CC2K

The Nexus of Pop-Culture Fandom

Hard Bitten by Chloe Neill and the Case of the Backseat Writer

Written by: Beth Woodward, CC2K Books Editor


I just finished reading Chloe Neill’s Hard Bitten, the fourth book in her Chicagoland Vampires series.  I have enjoyed the series since I first read Some Girls Bite in late 2009, and I think the books keep getting stronger and stronger.  I love how Merit’s character has grown and evolved, has reluctantly come to accept and embrace her vampiric nature.  And the ending…it packs a punch.  

Neill took a risk with this book that not many authors would be willing to take, and not surprisingly the responses are all over the place.  But what surprised me is how many people were saying things—even on Neill’s own blog—along the lines of “You shouldn’t have done _____,” or “You need to do _____ in the next book.”

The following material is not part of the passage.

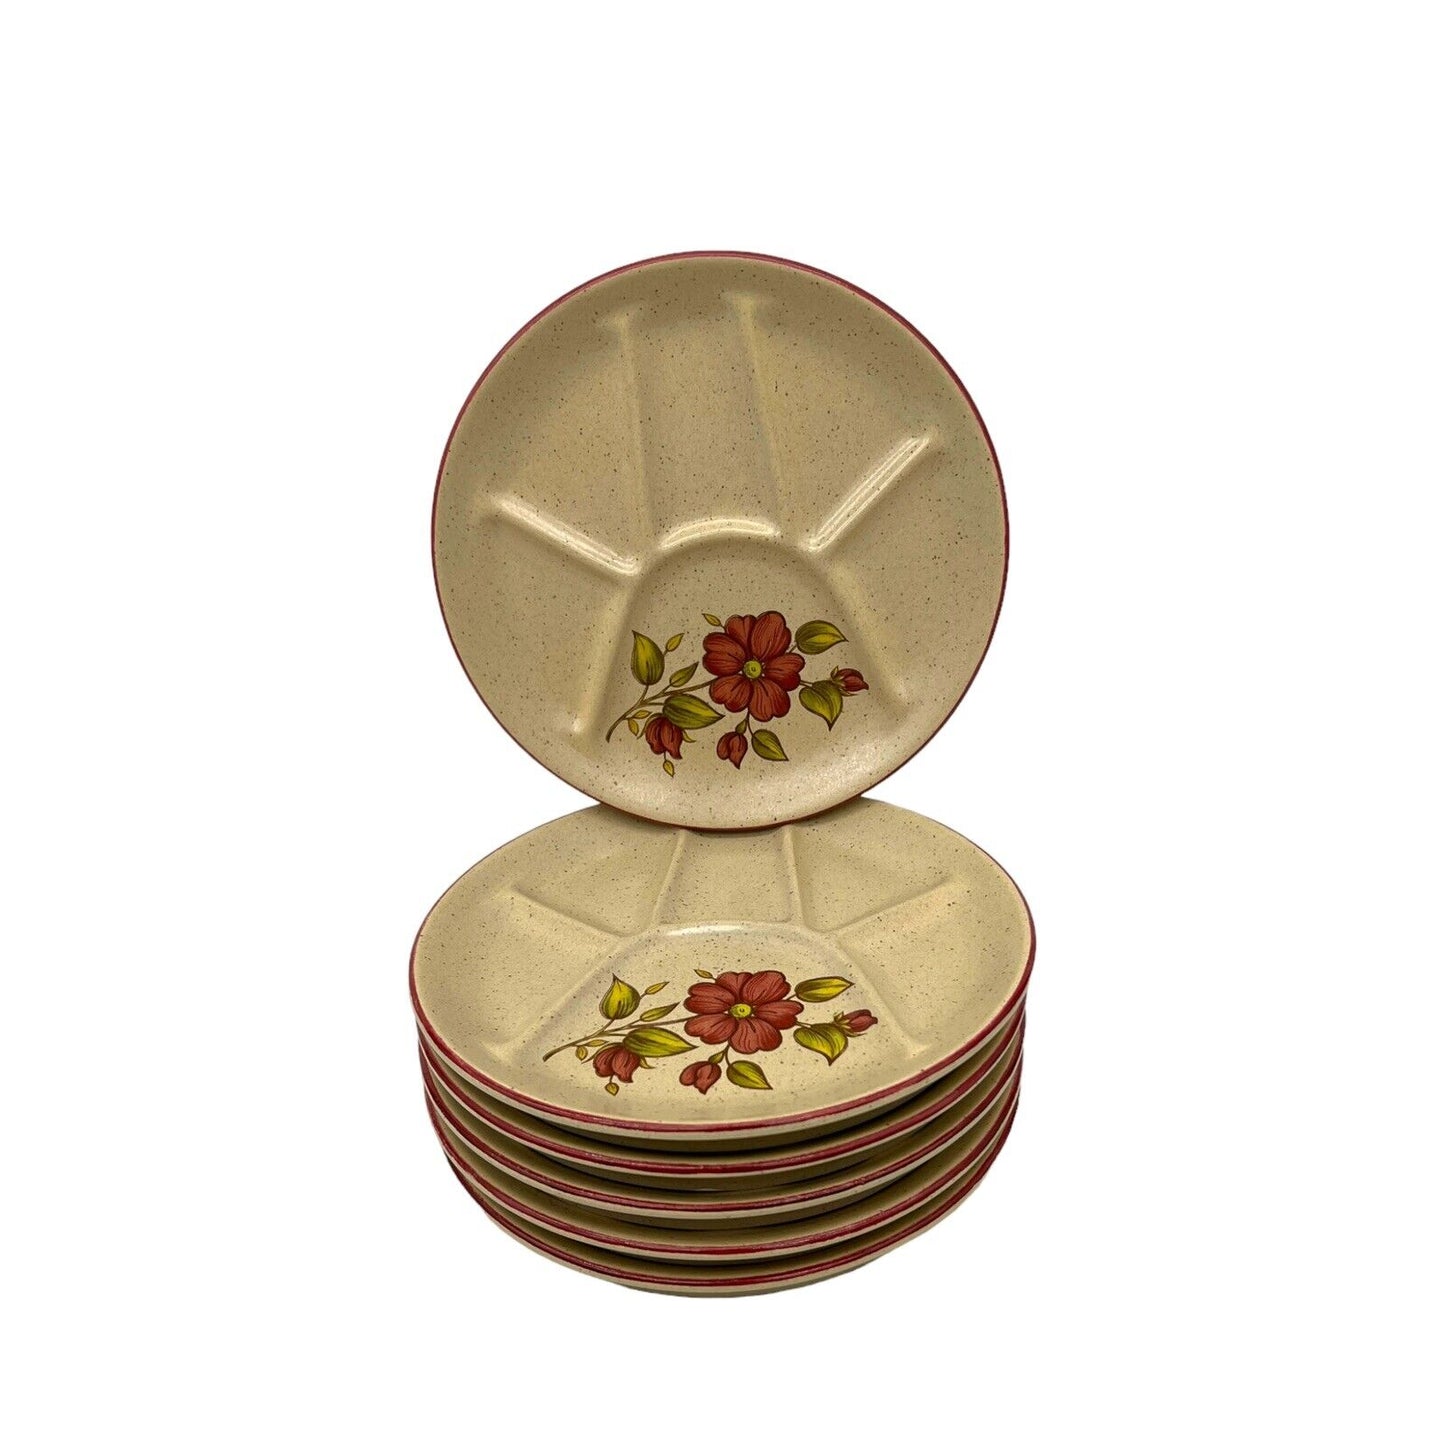 image 2 French glazed stoneware fondue sectioned plate set sold by All Things French Store

I think, in this age of media saturation, the distinction between “reader” and “writer” has been blurred quite a bit.  Certainly, many readers are also writers, and all writers (I hope) are also readers.  Fan fiction has become more popular—and certainly more accessible—in recent years, and readers can go onto Amazon or Goodreads (or, if they’re more ambitious, start a blog of their own) to give their opinions on their favorite books.  For the most part, I think this is a good thing.  Reading is a very solitary activity, but the internet has given us book geeks a community of people who share the same interests.  In addition, it’s also given readers much quicker and easier ways to connect with authors they love.  In the past, readers who wanted to contact an author were usually forced to write to the publisher and hope the publisher would pass their letter along to the writer and that the writer would response.  No more.  Twitter, Facebook, websites, author blogs—these authors can be your cool cyberspace pals.

Except it also means many readers forget one very important thing: you are not the writer.

Period.  The reader doesn’t control the book; the writer does.  And I think this failure to distinguish the role of the producer from the role of the consumer is happening—again, as a result of the instantaneousness of cyberspace—with all entertainment mediums.  One only has to think of the backlash over LOST’s ending last year, all the “It shouldn’t have ended this way; it should have ended THAT way” comments from viewers to know what I’m talking about.  But unless your name was Damon Lindelof or Carlton Cuse, you didn’t get to make that decision.

But the fervor over Neill’s book reminds me a bit of the plot of Stephen King’s Misery.  In that case, an obsessed fan/killer nurse kidnapped the author of her favorite series after an automobile accident and demanded that he write another novel in the series resurrecting the main character.  She keeps him drugged and immobilized until he obliges.  In the movie adaptation, one of the most memorable scenes was the “hobbling”; in the book, she actually cuts off his foot.

Admittedly, none of the responses I’ve seen to Hard Bitten seem quite so…sociopathic.  On the other hand, if I were Neill, I’d be a bit worried if I had a car accident or ran into anyone resembling Kathy Bates.

On some level, I understand.  As an avid reader, I frequently become emotionally attached to the characters in my favorite fiction.  And since I’m generally a fan of the happy ending in my fiction, I want these characters to end up happy and healthy.  But since I’m the reader, not the writer, that’s not always up to me.

Does that mean I agree with or like every choice authors make—even authors I already like?  No, of course not.  But as a reader, they’re not my choices to make.  I have two options: either I like the book, or I don’t.  When it’s an ongoing series, I have one more option: either I keep reading, or I don’t.  And there are definitely series I’ve given up altogether because I don’t like the direction that they’re going in.

But I have a little more faith in Neill than that.  The Chicagoland Vampires series has been one of the most consistently entertaining in urban fantasy for four books now, and I’ll be waiting anxiously for the release of Drink Deep in November to find out what happens.

But wherever Neill decides to take it, it’s not my job to rewrite it.